Task objective>
Copy nothing from the entries below except the lines from the one containing "Чехол накладка J-Case" through the one containing "Thoughts on this", and copy those exactly.

Exercise input>
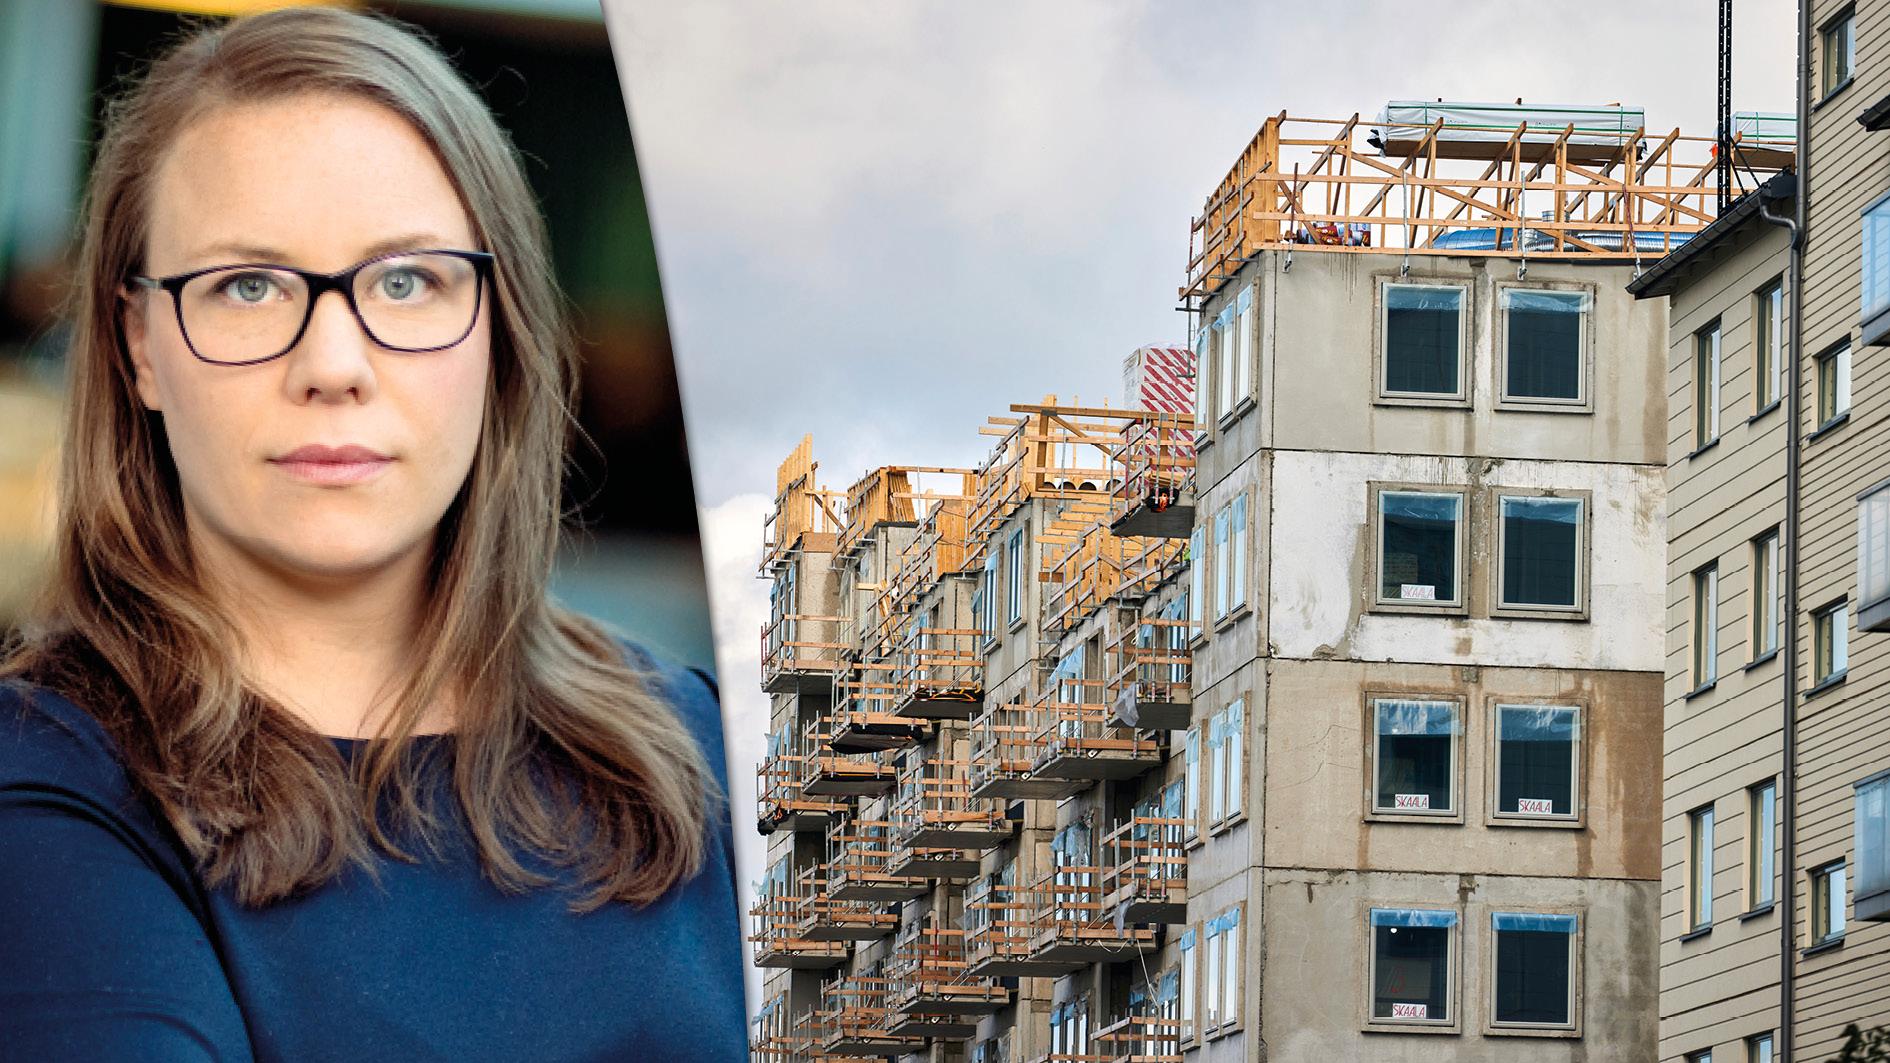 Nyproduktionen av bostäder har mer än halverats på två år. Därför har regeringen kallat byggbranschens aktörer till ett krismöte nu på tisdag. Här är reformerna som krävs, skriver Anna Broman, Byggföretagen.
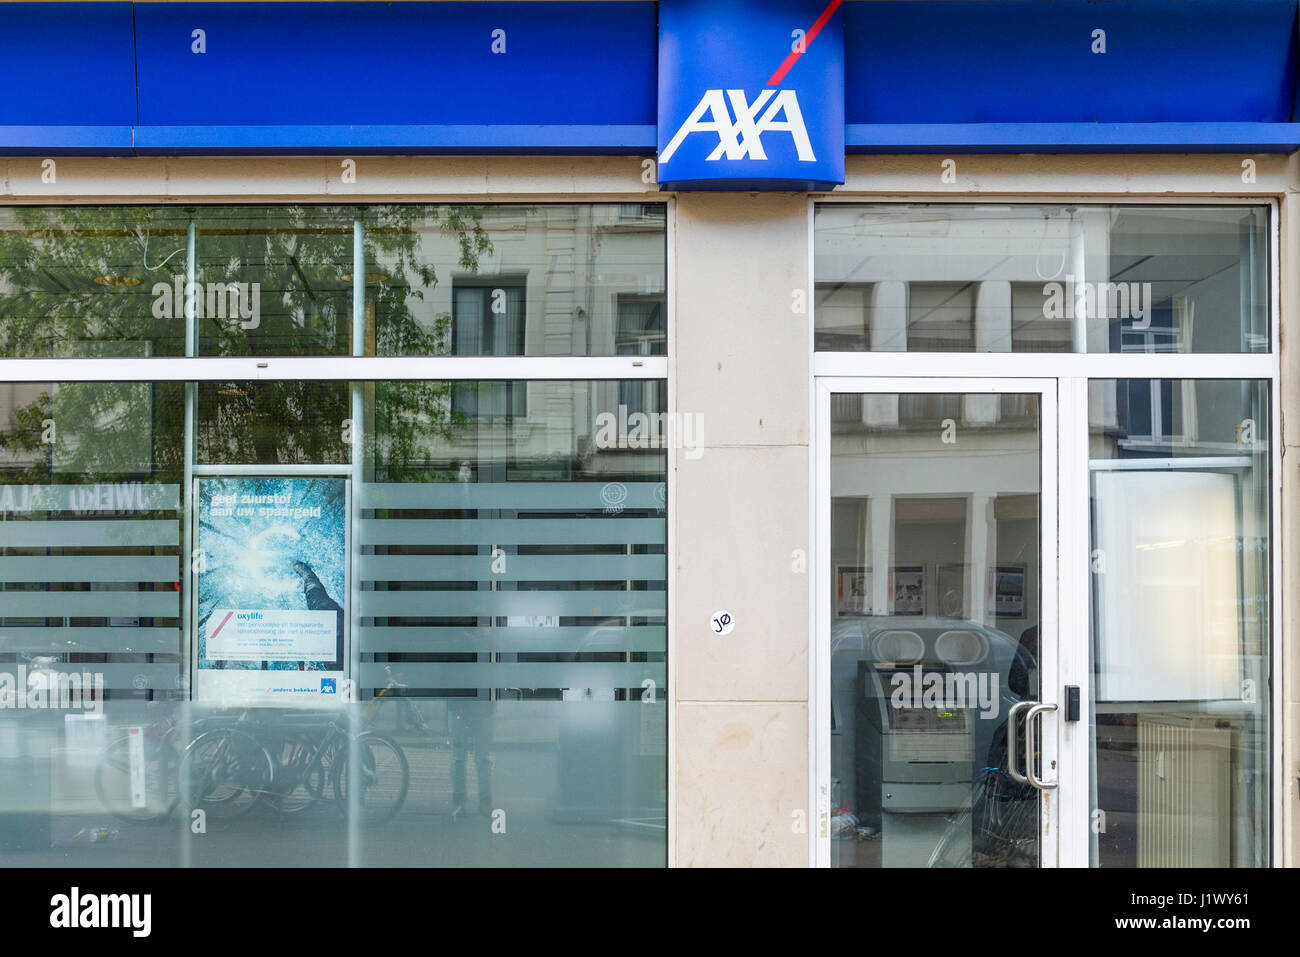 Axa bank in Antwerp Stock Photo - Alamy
---
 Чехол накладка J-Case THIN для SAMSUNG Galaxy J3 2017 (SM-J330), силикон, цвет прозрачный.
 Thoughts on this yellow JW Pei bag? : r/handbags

Problem solution>
 Чехол накладка J-Case THIN для SAMSUNG Galaxy J3 2017 (SM-J330), силикон, цвет прозрачный.
 Thoughts on this yellow JW Pei bag? : r/handbags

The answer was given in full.